PCA - NIT tutorial (part 12)

Looking for outliers in the intercorrelation plots
R
NIT Tutorial
PCA
Author

José Ramón Cuesta

Published

December 19, 2022

In a previous post (from this tutorial) we have seen the intercorrelation plots between parameters and we have seen some outliers (they did not follow the trend), but are those samples mahalanobis distance spectral outliers, for the math treatment used?. Now we can go back to that point and check it.

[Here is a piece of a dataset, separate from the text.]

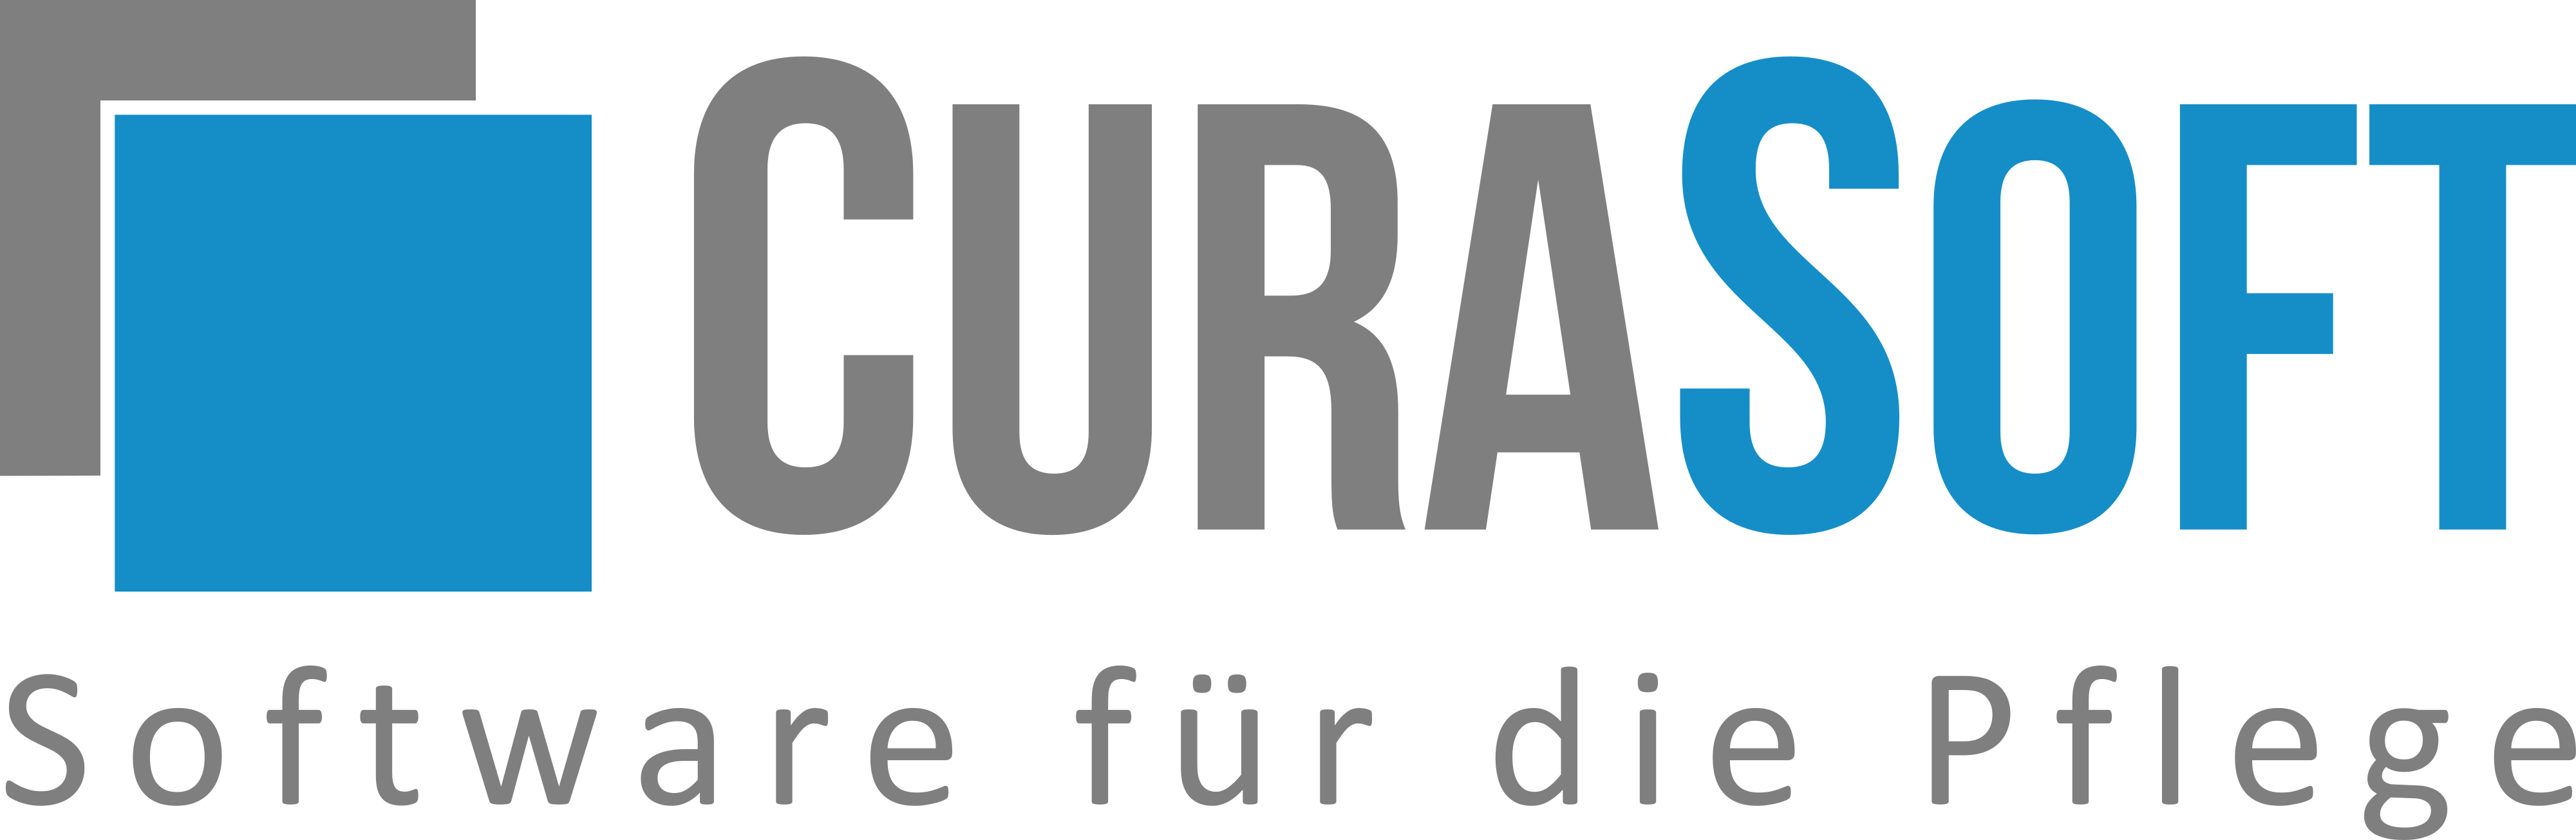 CuraSoft – die Software für die Pflege

Let`s start by loading our workspace and the libraries we are going to use:

load("C:/BLOG/Workspaces/NIT Tutorial/NIT_ws11.RData")
library(tidyverse)

Moisture vs Fat

tecator2 %>% 
  ggplot(aes( x = Moisture, y = Fat, color = outlier)) +
  geom_point() + 
  geom_smooth(method = lm, size = 1) +
  scale_color_manual(values = c("no outlier" = "green",
                                "Warning outlier" = "orange",
                                "Action outlier" ="red"))

In this case we can see how the extreme samples (with high fat and low moisture are action or warning outliers), and that some of the high moisture - low fat outliers dis not follow the trend.

Moisture vs Protein

tecator2 %>% 
  ggplot(aes( x = Moisture, y = Protein, color = outlier)) +
  geom_point() + 
  geom_smooth(method = lm, size = 1) +
  scale_color_manual(values = c("no outlier" = "green",
                                "Warning outlier" = "orange",
                                "Action outlier" ="red"))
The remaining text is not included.